Background of the Invention

With the advancement of technology, the need for more proactive user interface (UI) for the computers have been felt. While the keyboards and mouse have served its purpose for interacting with computers, the natural feel of writing, painting, and selecting using a stylus or through the finger touch is required. Several manufacturers have produced pressure sensitive stylus models that could be used to interact with tablets. Similarly, there are other commercially available styluses that can be used with the available capacitive touch screen tablets.

The need for a pressure sensitive stylus can be emphasized by the fact that it mimics the action of a pen that everybody has learnt to use as a kid. To a painter, a pressure sensitive stylus provides a valuable tool as a paintbrush.

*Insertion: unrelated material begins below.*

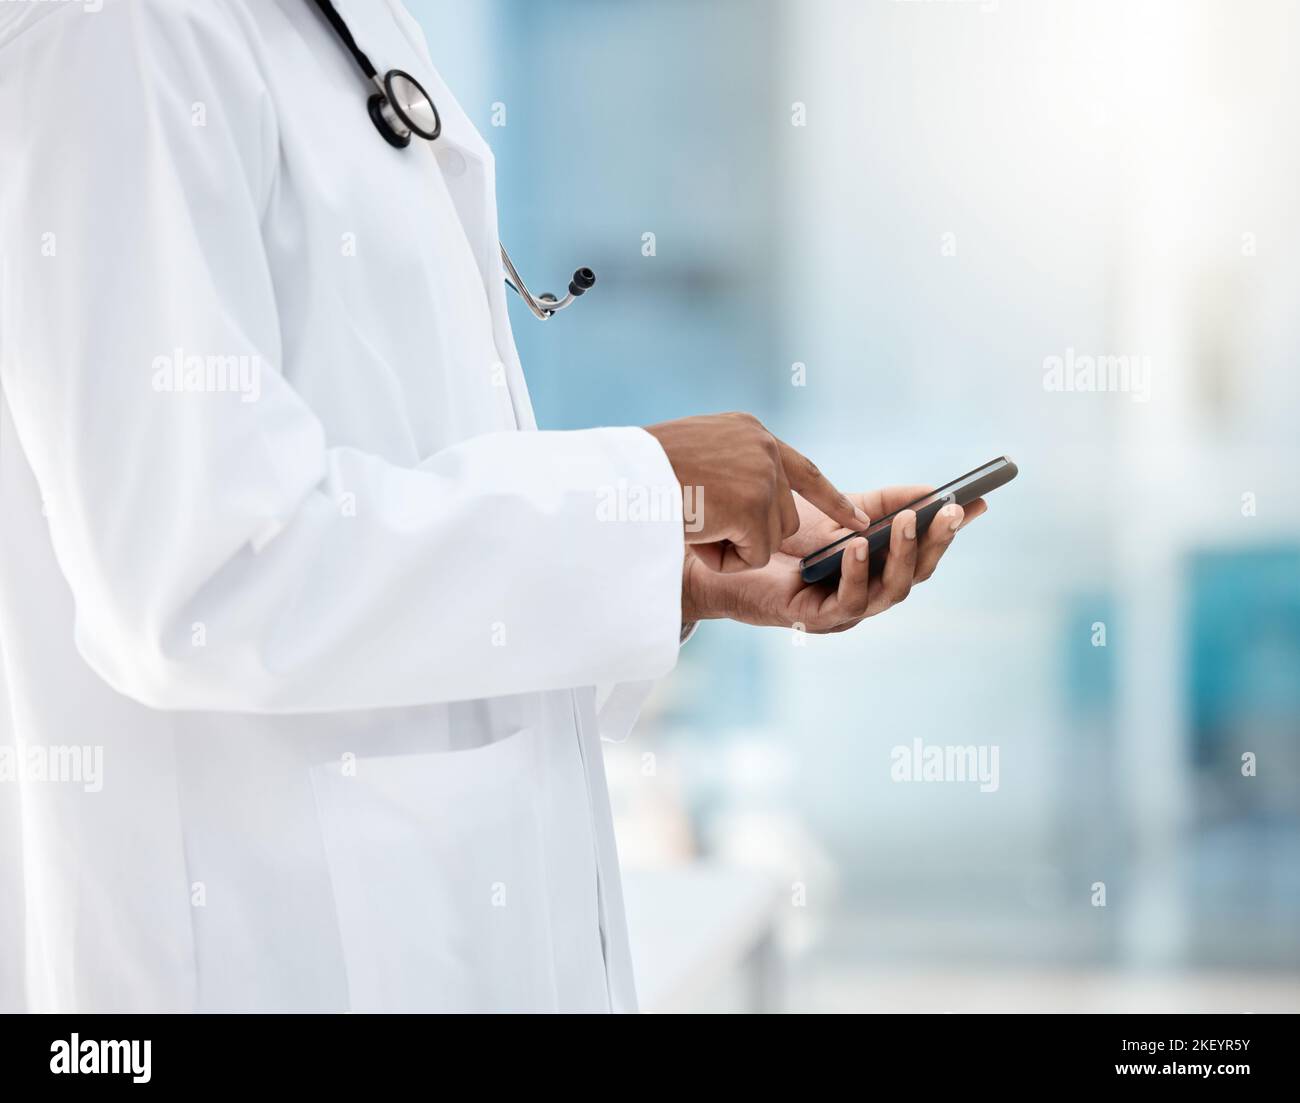 Telefon, Hände und Arzt auf einer medizinischen App oder einer Gesundheits-Website, die Feedback von Krankenhausforschungen eingibt oder per SMS schreibt. Mitarbeiter im Bereich Digital, Internet und Gesundheitswesen Stockfoto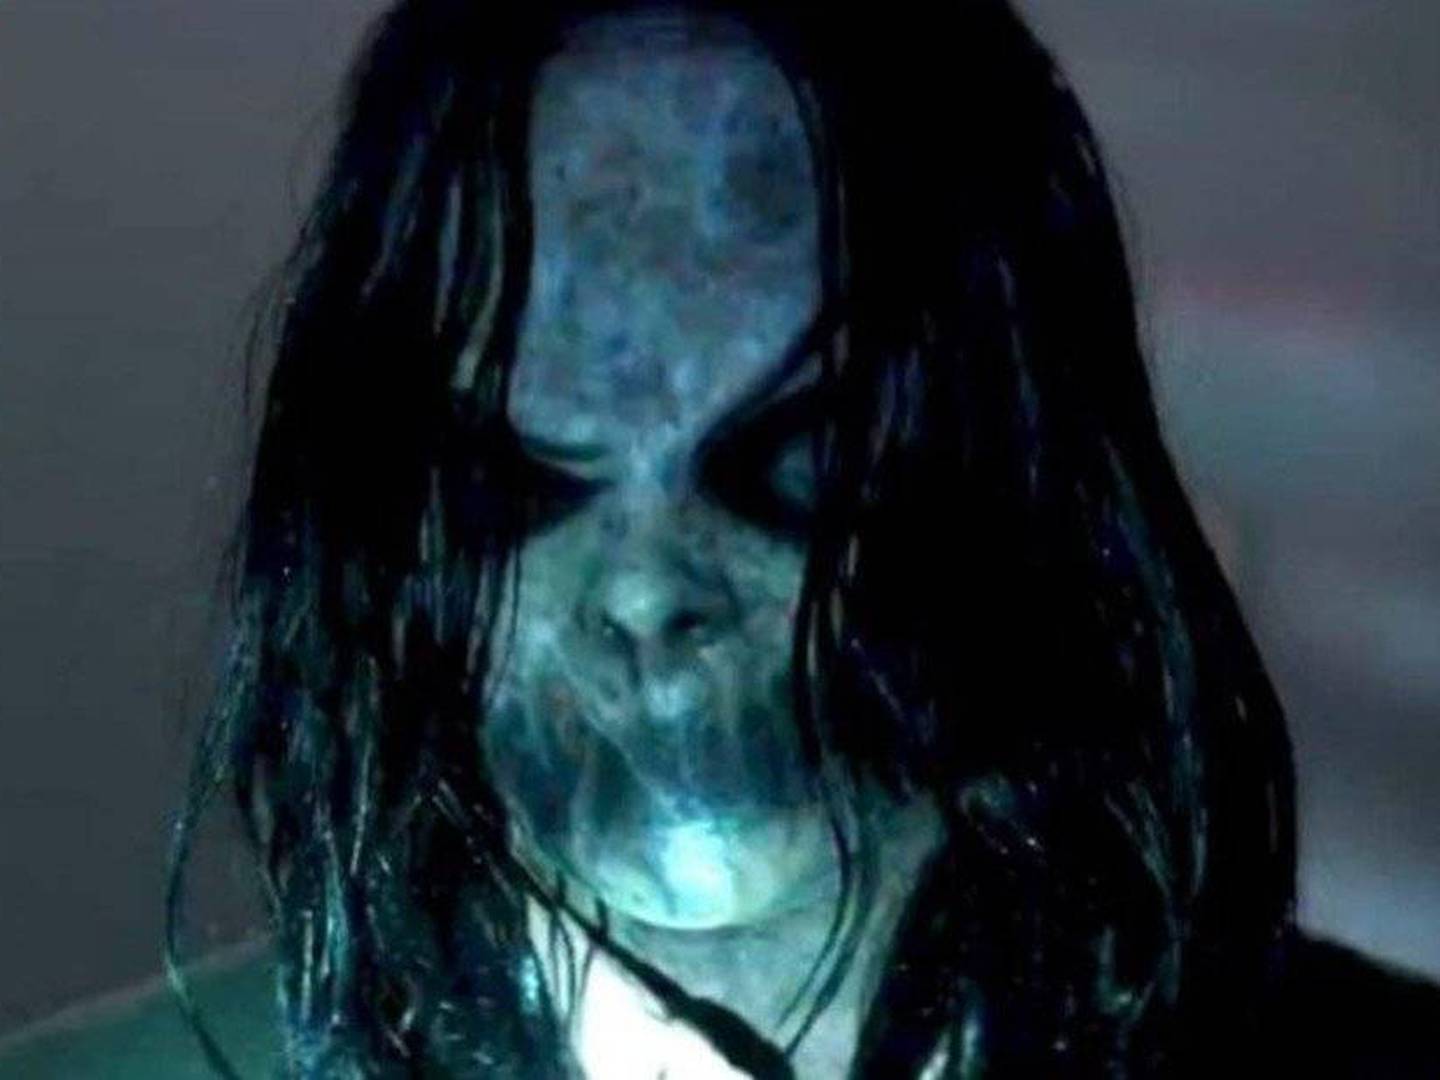 Os filmes de terror mais assustadores, segundo a Science of Scare

There are basically two approaches towards manufacturing a stylus. The first one is, where a stylus is specific to a given type of digitizer, and the second one is where a stylus is independent of the digitizer type and can be used across all digitizers. The prior art can be broadly divided into two sections where the intensity based fiber optic sensors and styluses for digitizer are disclosed. An optical fiber based sensor can be designed by modulating any of the light's parameters such as intensity, phase, polarization, frequency, and the wavelength. Of these, intensity based sensors are the easiest to design as it requires only a source, detector and/or collimating lens. A type of intensity sensors is based on the amount of light being coupled into the fiber from any object that acts as a reflected source. Thus, readily, a displacement sensor (the reflected source moves closer or farther away), frequency of vibration sensor (the reflection source vibrates), refractive index sensor (the amount of light reflected back depending on the refractive index of the medium) can be designed.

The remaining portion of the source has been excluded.